Download the file Sality_RegKeys.zip (http://support.kaspersky.com/downloads/utils/sality_regkeys.zip)
unpack the file Sality_RegKeys.zip
run the file Disable_autorun.reg from the archive Sality_RegKeys.zip
Once the scan is over, from the archive Sality_RegKeys.zip run the file of the registry key:
under Windows 2000 run the registry file SafeBootWin200.reg
under Windows XP run the registry file SafeBootWinXP.reg
under Windows 2003 run the registry file SafeBootWinServer2003.reg
under Windows Vista / 2008 run the registry file SafebootVista.reg
under Windows 7 / 2008 R2 run the registry file SafebootWin7.reg
-
just adding some info
from malwarebytes log
Registry Keys Infected:
HKEY_LOCAL_MACHINE\SYSTEM\CurrentControlSet\Enum\Root\LEGACY_AMSINT32 (Virus.Sality) -> Quarantined and deleted successfully.
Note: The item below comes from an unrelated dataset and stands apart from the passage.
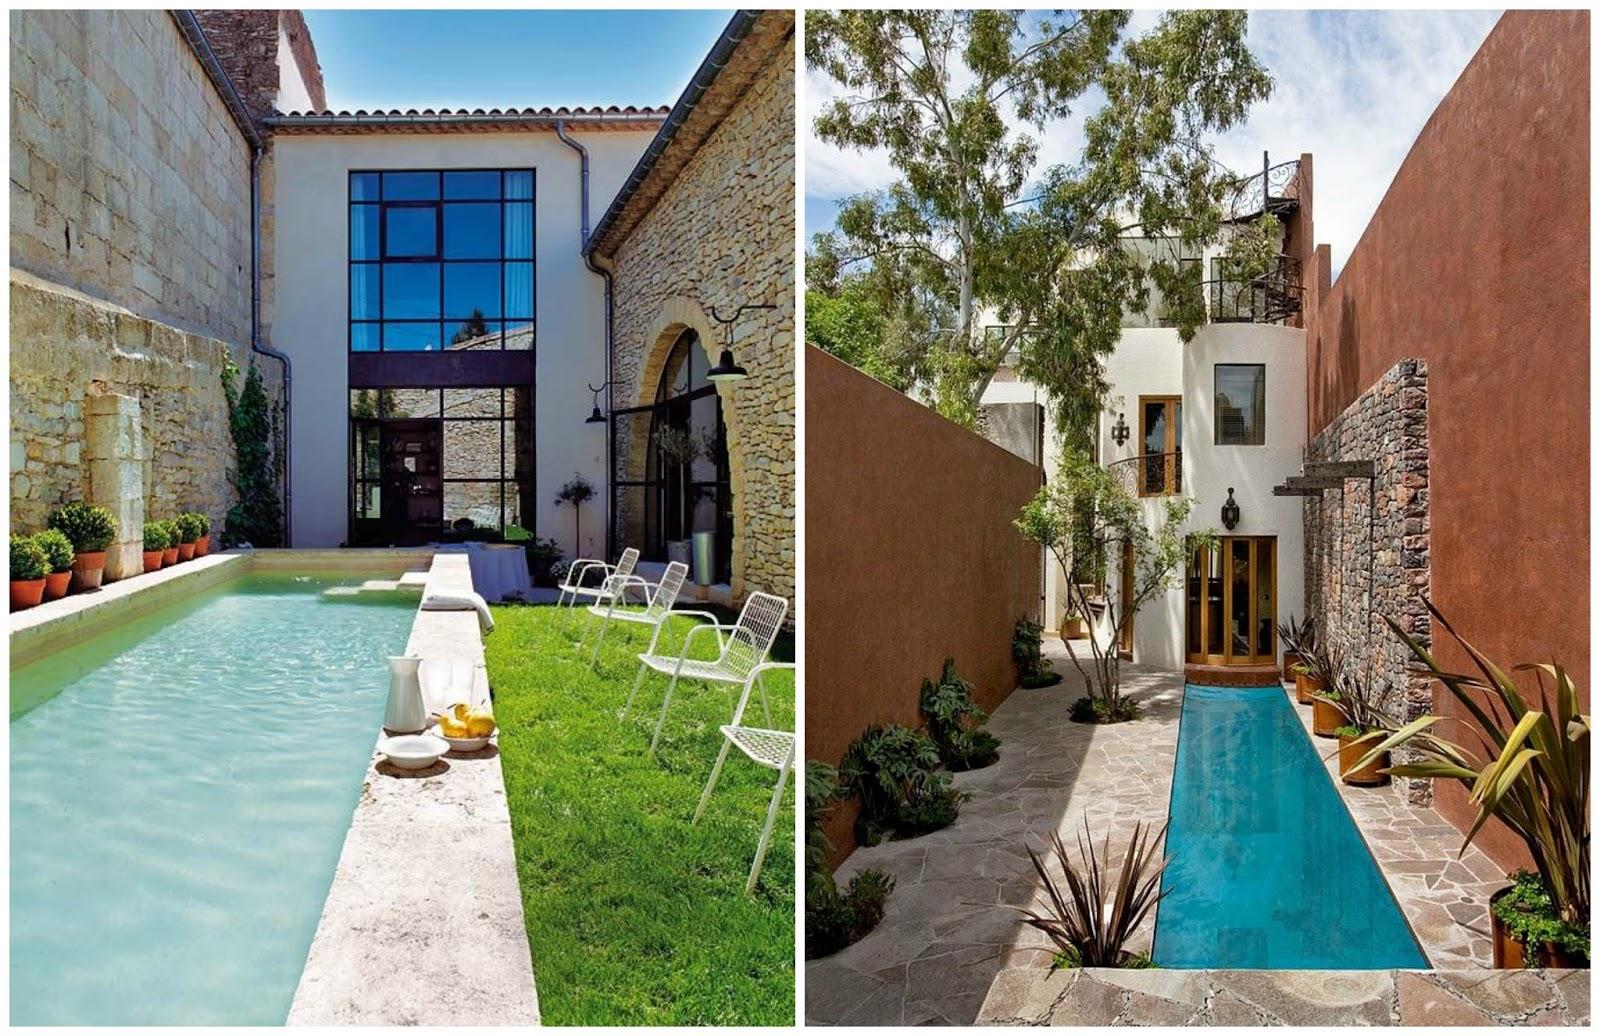 100 tonos de verde buscando inspiracion piscinas perfectas - Piscinas y jardines ...

Sality is a file infector...
Virut and other File infectors - Throwing in the Towel?
http://miekiemoes.blogspot.com/2009/02/virut-and-other-file-infectors-throwing.html
-
uh the OTL took more than 1 hour already and still working, is that normal? ???
-
Only if you have never emptied your temporary files. Close OTL out and run the sality fixes please
-
hey i just cleared my temp files now and the OTL worked but iam unable to download the sality killer with or without IDM
-
I have just uploaded them to my skydrive here https://skydrive.live.com/?cid=32d8666f4048075b&sc=documents&uc=2&id=32D8666F4048075B%21117
-
hey ive completed all the steps here, are there other steps or i can be sure that iam 100% sality free ;D
-
Could you now download and install Avast then run a full scan and let me know if it finds anything at all
-
i took 2 screen shots of the 15 infected files found by avast before deleting them, but they are
1.37 Megabytes does it mean i cant upload here?
-
It would be too large, the image/file size for attachments is 200KB.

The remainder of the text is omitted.